기본적으로 대부분의 오토스케일러들은 metrics-server를 통해서 메트릭을 수집하고 있습니다.

부하 테스트

HPA가 잘 작동하는지 알아보기 위해서 부하 테스트를 진행합니다.

이 애플리케이션은 접속할때마다 100만번 연산합니다. 따라서 CPU 부하가 발생합니다.

cat << EOF > php-apache.yaml
apiVersion: apps/v1
kind: Deployment
metadata: 
  name: php-apache
spec: 
  selector: 
    matchLabels: 
      run: php-apache
  template: 
    metadata: 
      labels: 
        run: php-apache
    spec: 
      containers: 
      - name: php-apache
        image: registry.k8s.io/hpa-example
        ports: 
        - containerPort: 80
        resources: 
          limits: 
            cpu: 500m
          requests: 
            cpu: 200m
---
apiVersion: v1
kind: Service
metadata: 
  name: php-apache
  labels: 
    run: php-apache
spec: 
  ports: 
  - port: 80
  selector: 
    run: php-apache
EOF
kubectl apply -f php-apache.yaml

해당 php 코드를보면 다음과 같습니다.

<?php
$x = 0.0001;
for ($i = 0; $i <= 1000000; $i++) {
	$x += sqrt($x);
}
echo "OK!";
?>

이제 HPA를 설정해봅시다.

cat <<EOF | kubectl apply -f -
apiVersion: autoscaling/v2
kind: HorizontalPodAutoscaler
metadata:
  name: php-apache
spec:
  scaleTargetRef:
    apiVersion: apps/v1
    kind: Deployment
    name: php-apache
  minReplicas: 1
  maxReplicas: 10
  metrics:
  - type: Resource
    resource:
      name: cpu
      target:
        averageUtilization: 50
        type: Utilization
EOF
혹은
kubectl autoscale deployment php-apache --cpu-percent=50 --min=1 --max=10

확인하면 다음과 같습니다. 해당 hpa는 cpu 평균 사용량이 50%가 넘을 경우 최대 10개의 레플리카를 만드는 것입니다.

kubectl describe hpa

자 이제 모니터링을 위해서 다음과 같이 watch 명령어로 현 상황을 살펴보겠습니다.

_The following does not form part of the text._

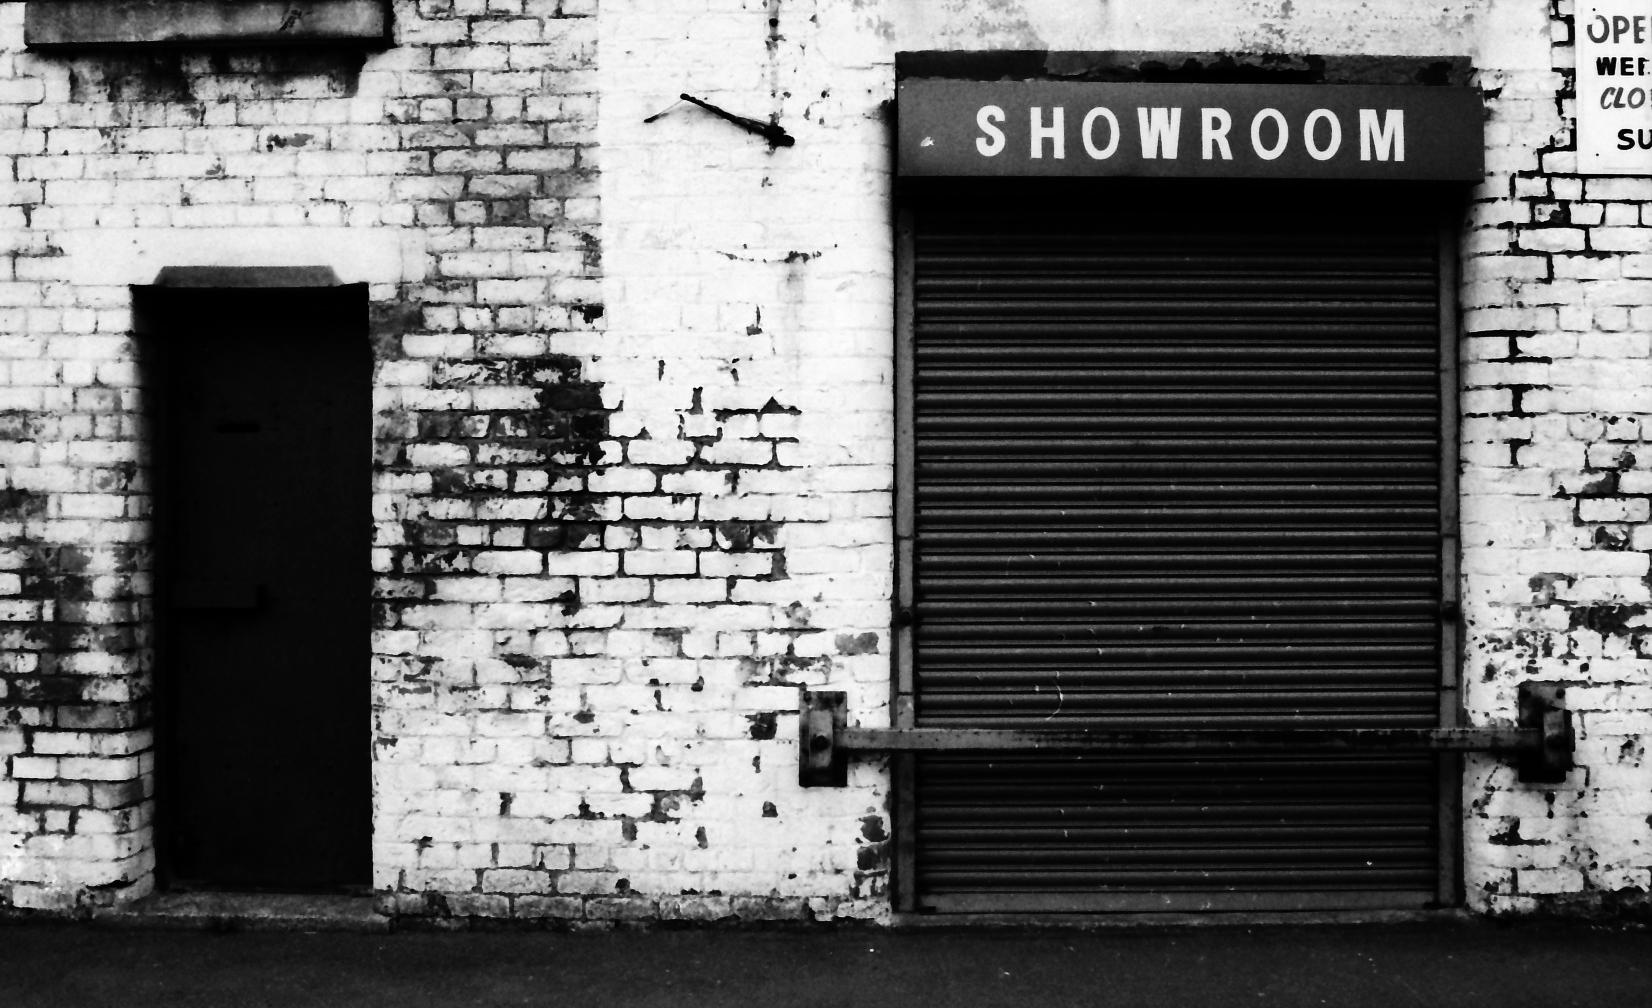 SHOWROOM, GELATIN SILVER PRINT, 2010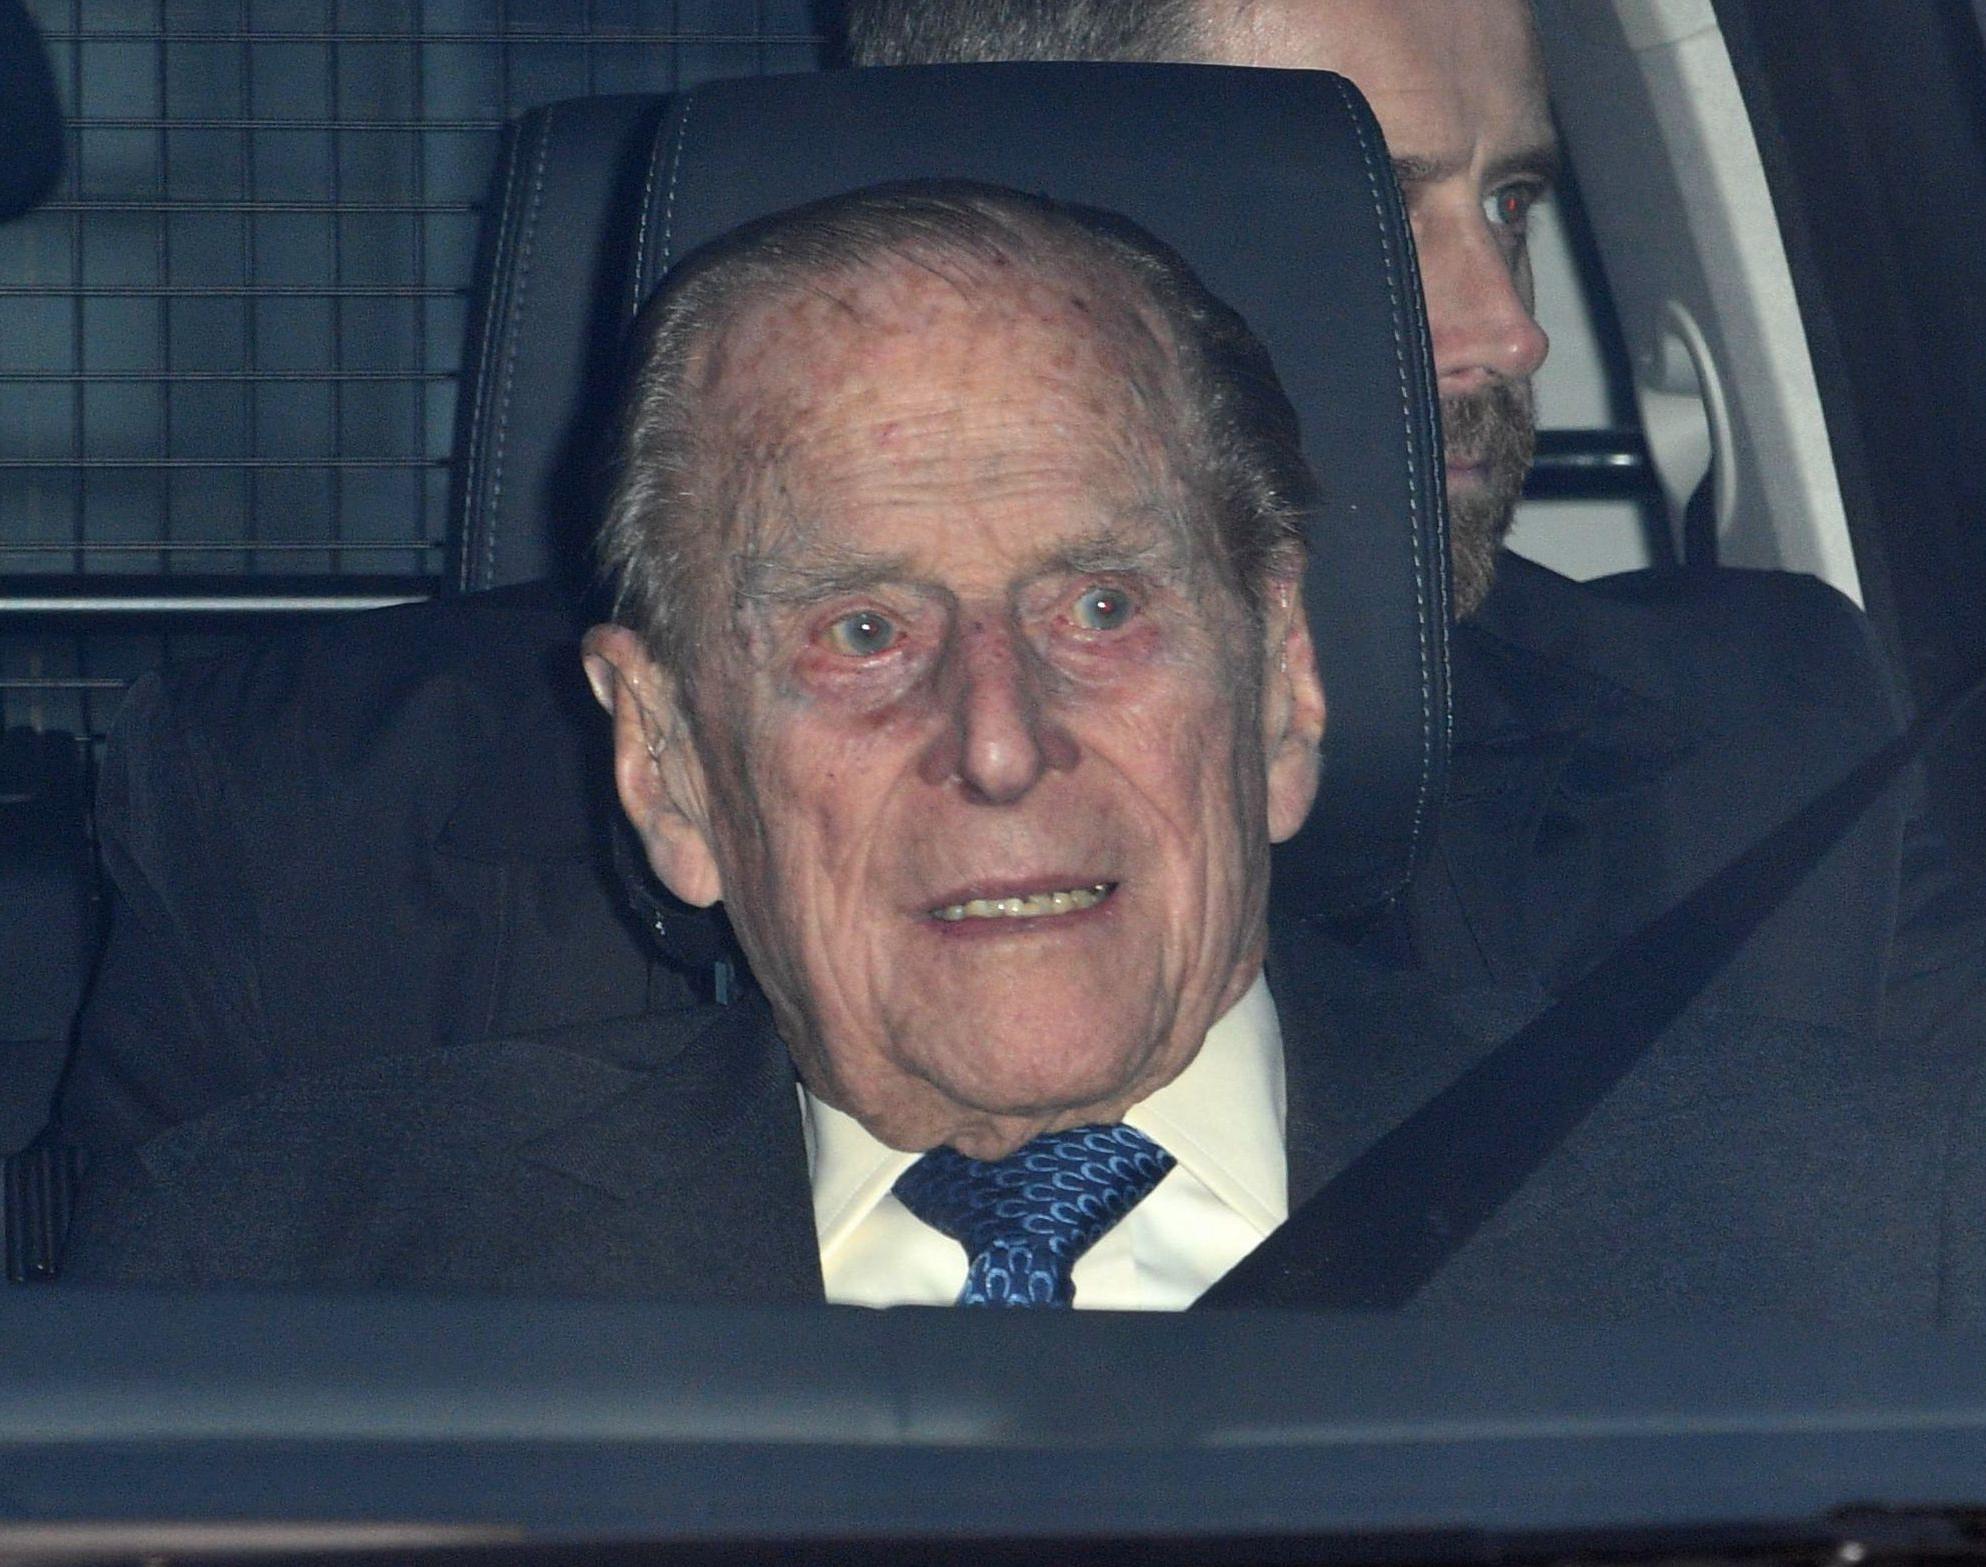 Prince Philip S Reaction Following Sandringham Crash

watch -d 'kubectl get hpa,pod;echo;kubectl top pod;echo;kubectl top node'
kubectl exec -it deploy/php-apache -- top

해당 상태로 부하를 걸어보도록 하겠습니다.

해당 명령어는 pod를 호출할때마다 부하가 증가하도록 설정되어, 계속 pod를 호출하게 됩니다.

kubectl run -i --tty load-generator --rm --image=busybox:1.28 --restart=Never -- /bin/sh -c "while sleep 0.01; do wget -q -O- http://php-apache; done"

부하 전의 모습

부하를 걸면서 계속 pod가 증가하는 모습을 볼 수 있습니다.

pod가 계속 증가하면서 CPU 부하가 분산되면서 Targets에 보면 평균 cpu 사용량이 50% 밑으로 떨어지게되면서 더 이상 pod가 생기지 않고 7개에서 멈추는 모습입니다.

자 이제는 부하를 멈추고 있어보겠습니다. describe를 통해서 hpa에 대해서 구체적인 상황 파악도 가능하게 됩니다.

kubectl describe hpa

KEDA - Kubernetes based Event Driven Autoscaler

KEDA는 HPA와 무엇이 다를까요?

HPA는 리소스 기반의 스케일링으로 리소스 사용량에 대한 반응을 합니다. 리소스에 대해서 명확하게 파악가능하다는 점이 있고 사용도 간편한 장점이 있지만, 리소스 사용량이 높아지는 것은 워크로드가 이미 증가하고 난 이후이므로 스케일링 결정에 지연이 될 수 있다는 점입니다.

KEDA는 이를 보완할 수 있습니다. 이벤트 기반 스케일링 기술이므로 조금 더 워크로드나 이벤트에 직접적으로 반응합니다.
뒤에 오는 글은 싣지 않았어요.